Kurwa, czy ona musiała być tak upierdliwa?! Co ją do cholery obchodziło moje życie?! Przetarłem twarz rękoma i odwróciłem się w jej kierunku.
- Twój pobyt tam był całkowicie bez sensu – skrzyżowała ręce na piersi, spoglądając na mnie tym swoim ironicznym wzrokiem.

Czy ona usiłowała mnie sprowokować?

- Co cię to do cholery obchodzi? - warknąłem, wyrzucając ręce w powietrze, które po chwili opadły wzdłuż moje tułowia. - To nie twój zasrany interes.
Miałem wrażenie, że przez jej usta przebrnął cień złośliwego uśmiechu. Odwróciłem się na pięcie, ruszając w stronę sylwetki mężczyzny, która mignęła mi w drzwiach do kantorka. Natłok myśli w mojej głowie sprawiał, iż myślałem, że zaraz oszaleję. Z jednej strony chciałem spędzić te trzy godziny jak najdalej od Peers, która wkurwiała mnie niemiłosiernie swoją wścibskością. Do tego zdawałem sobie sprawę, że chciała mnie jedynie sprowokować, co zdecydowanie się jej udało. Zakląłem w myślach, mentalnie waląc się w twarz. Jak mogłem pozwolić, aby wytrąciła mnie z równowagi? Zacisnąłem dłonie w pięści, by po chwili znów je poluźnić. Peers była zdecydowanie inna niż wszystkie dziewczyny z jakimi miałem do czynienia. One się mnie bały, doskonale wiedząc do czego jestem zdolny i nie próbowały wdawać się ze mną w choćby najmniejsze dyskusje. Destiny natomiast przy nadarzającej się okazji raczyła mnie swoim ciętym językiem, cholernie prowokując i to sprawiało, że kompletnie wariowałem.

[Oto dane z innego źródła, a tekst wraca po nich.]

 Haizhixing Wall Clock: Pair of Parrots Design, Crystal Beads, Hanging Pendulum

Z jednej strony jej zaborczy charakter cholernie mnie wkurwiał i byłem pewien, że gdyby była facetem, już dawno leżałaby w szpitalu. Nie przejawiała także żadnego zainteresowania moją osobą, co dodatkowo podnosiło moje ciśnienie. Przez te wszystkie rzeczy nie miałem najmniejszej ochoty mieć z nią cokolwiek wspólnego, lecz z drugiej strony te właśnie rzeczy sprawiały, że intrygowała mnie jak żadna inna dziewczyna. Chciałem, żeby wręcz błagała, abym poświęcił jej choć odrobinę uwagi.

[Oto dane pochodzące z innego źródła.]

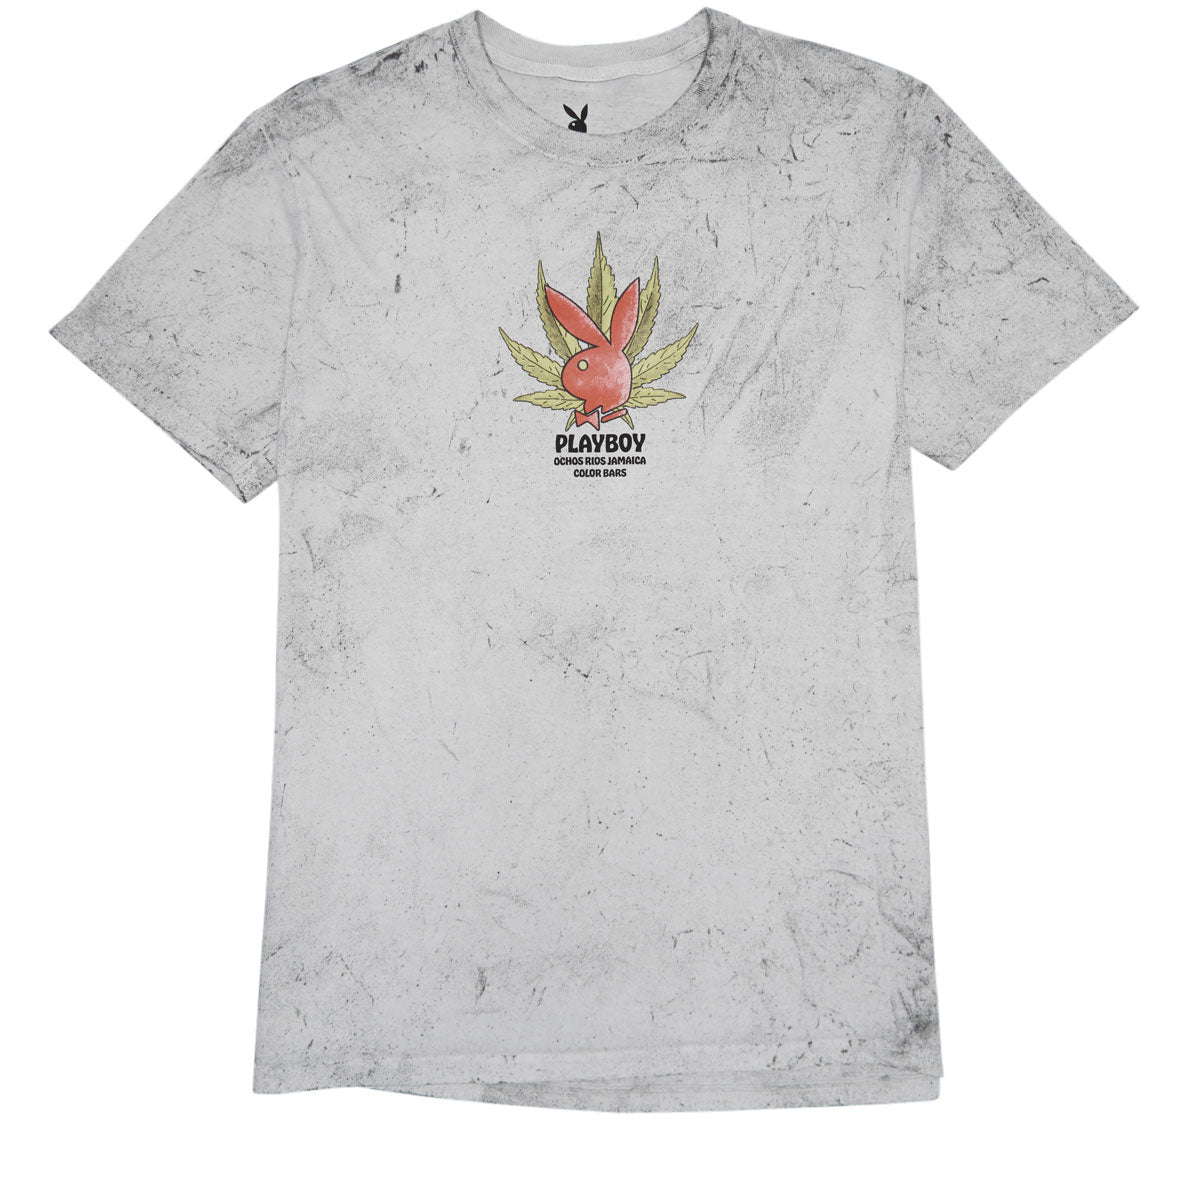 Color Bars x Playboy Jamaica Spades T-Shirt - Smoke image 2

- Zmarnowałeś tylko rok – ponownie moich uszu dobiegł jej głos. - Rok – powtórzyła – a ty nadal jesteś jebanym ćpunem, Bieber.

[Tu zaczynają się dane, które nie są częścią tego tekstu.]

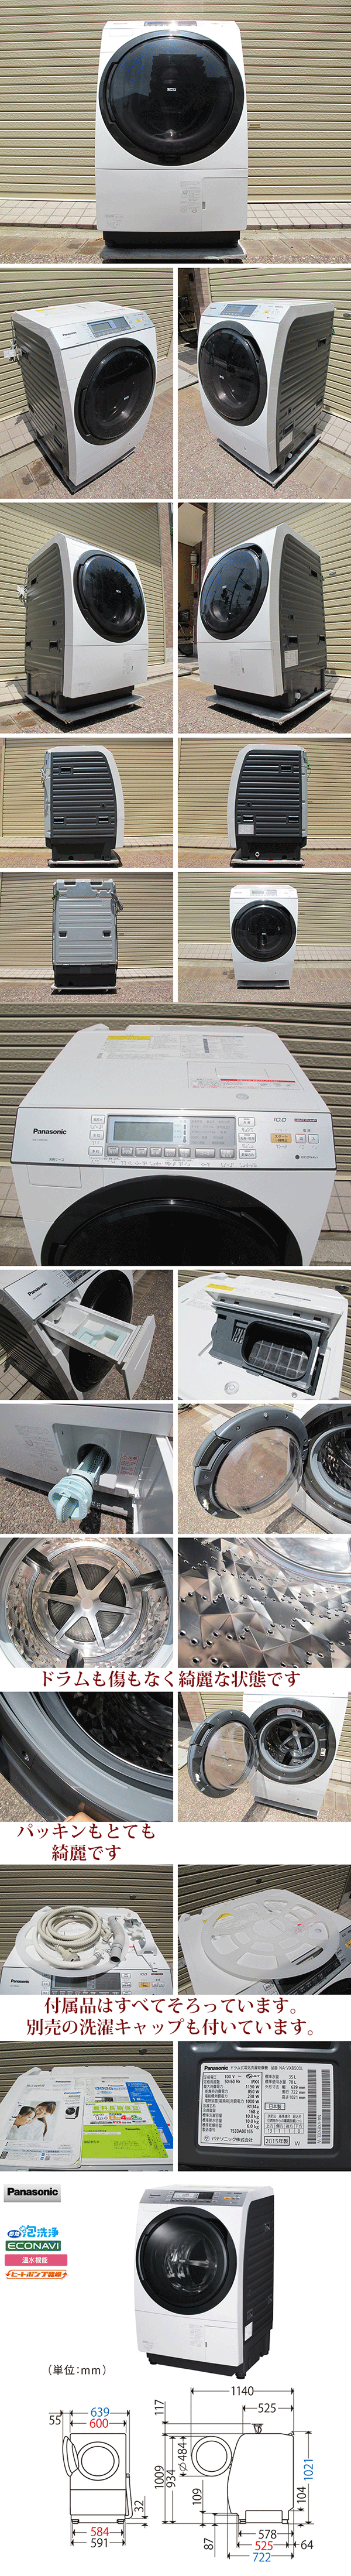 Panasonicのドラム式洗濯乾燥機 NA-VX8500Lを販売！いろいろな洗濯機を ...

Moje mięśnie natychmiast się napięły. Odwróciłem się gwałtownie, popychając Peers w stronę szafek. Dziewczyna uderzyła plecami o metal i lekko się skrzywiła, lecz natychmiast wszelkie emocje ulotniły się z jej twarzy. Naparłem na nią swoim ciałem, a moje ręce spoczęły po obu stronach jej głowy. Była ode mnie niższa prawie o głowę. Mogłem wyraźnie poczuć jak jej klatka piersiowa unosi się i opada w przyśpieszonym tempie i choć jej twarz nie wyrażała żadnych emocji, byłem niemal pewien, że się boi. Moje oczy z pewnością ściemniły swoją barwę i lekko przymrużywszy powieki wpatrywałem się w bursztynowe tęczówki Destiny. Dziewczyna ani na chwilę nie odwróciła wzroku.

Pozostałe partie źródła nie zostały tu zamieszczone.